01-06-2014, 06:21 PM
Quote:Until you can accurately and reliably tell us what the PLAN was in the minds of those who drafted it
JAN 1960: The CIA sets up a Task Force WH-4, Branch 4 of the Western Hemisphere Division to implement President Eisenhower's request for an ambitious covert program to overthrow the Castro government. Jacob Esterline, Guatemala station chief between 1954-1957, is put in charge of WH-4. (Wyden, pp.2-?29; Gleijeses, p.3; Taylor Report, pp.3-4)
I suppose you your question should be directed to President Eisenhower who is after all the one who asked the CIA in a sense to draw up the Bay of Pigs, this was NOT all CIA's plans.
Kennedy said that under any circumstance there would be NO American military intervention, however, under Kennedy's administration American military pilots were used to bomb Cuba.
JAN 12, 1960: Throughout the month of January, sabotage and small bombing missions in Cuba increase in frequency. A plane drops incendiary bombs in the areas of Bainoa, Caraballo, and San Antonio de Rio Blanco. Another plane coming from the north, with U.S. markings, drops inflammable material on cane fields next to the Hershey factory. (Informe Especial. 1960) JAN 18, 1960: A plane drops live phosphorous over the cane plantations of Quemados de Guines and Rancho Veloz, in Las Villas.
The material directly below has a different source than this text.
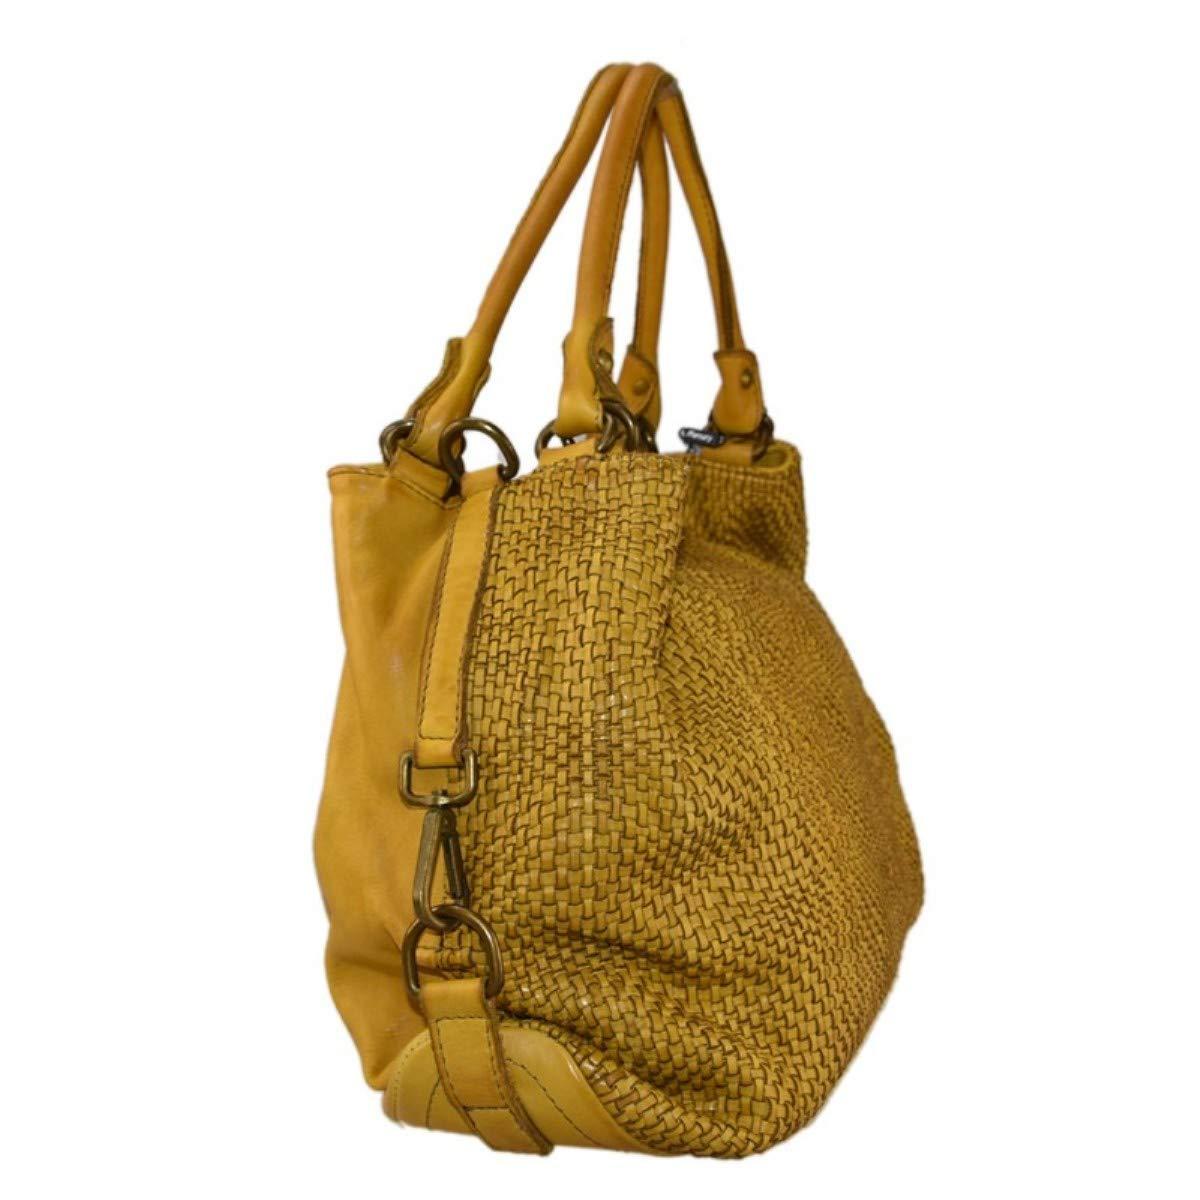 Zeta Shop axelväska av äkta läder, flätad, för kvinnor, vintage, färgad och tvättad, av flätat tyg, tillverkad i Italien gUL

Seven people are detained in Sagua la Grande for trying to derail the Sagua?Havana train. (Informe Especial: 1960) JAN 21, 1960: A plane drops four one-hundred pound bombs on the urban district of Cojimar y Regla in Havana. (Informe Especial: 1960).
JAN 7, 1959: Washington officially recognizes the new government; in a memo to the President, John Foster Dulles states, "The Provisional Government appears free from Communist taint and there are indications that it intends to pursue friendly relations with the United States." Early the next day, Castro's victory caravan finally reaches Havana, and the new regime takes charge.
APR 19, 1959: During Fidel Castro's first post revolution trip to Washington, he meets with Vice President Richard Nixon for three and a half hours. "I spent as much time as I could trying to emphasize that he had the great gift of leadership, but that it was the responsibility of a leader not always to follow public opinion but to help to direct it in proper channels, not to give the people what they think they want at a time of emotional stress but to make them want what they ought to have," the Vice President reports in a four-page secret memo to Eisenhower, Secretary of State Christian A. Herter, and Allen Dulles. "It was apparent that while he paid lip service to such institutions as freedom of speech, press and religion that his primary concern was with developing programs for economic progress." Nixon concludes that Castro is "either incredibly naive about Communism or is under Communist discipline." But he also expresses his own "appraisal" of Castro as a man. "The one fact we can be sure of, is that he has those indefinable qualities which make him a leader of men. Whatever we may think of him, he is going to be a great factor in the development of Cuba and very possibly in the development of Latin American affairs generally." (Richard M. Nixon, Rough Draft of Summary of Conversation Between the Vice President and Fidel Castro, April 25, 1959).
So, when you say "Until you can accurately and reliably tell us what the PLAN was in the minds of those who drafted it". And, you call me (naive and misinformed)? Am I suppose to be a MIND READER?
I agree that respect is important when many here have been studying covert operations for 15-20 years of their life, but on the other hand shouldn't respect also be earned? Long before many here were studying it my father was involve in it.
My mother's first hand knowledge to what she knows has never been disclosed to the FBI even when she was hounded by them after the death of my father. The FBI and the CIA both would relentlessly call her at her job, come over to our house in Hialeah, and asked her many times to come down to the FBI station where she faithfully remained quite due to her concerns of herself and her children, my mother has simply had a life of not being able to trust anyone, perhaps, it may be the reason she has commitment problems, and now that I found my father's information in my mother's hope chest six years ago, she is ready to tell all.
And, you say that I need to research this and that because I don't understand your philosophy? Are you serious?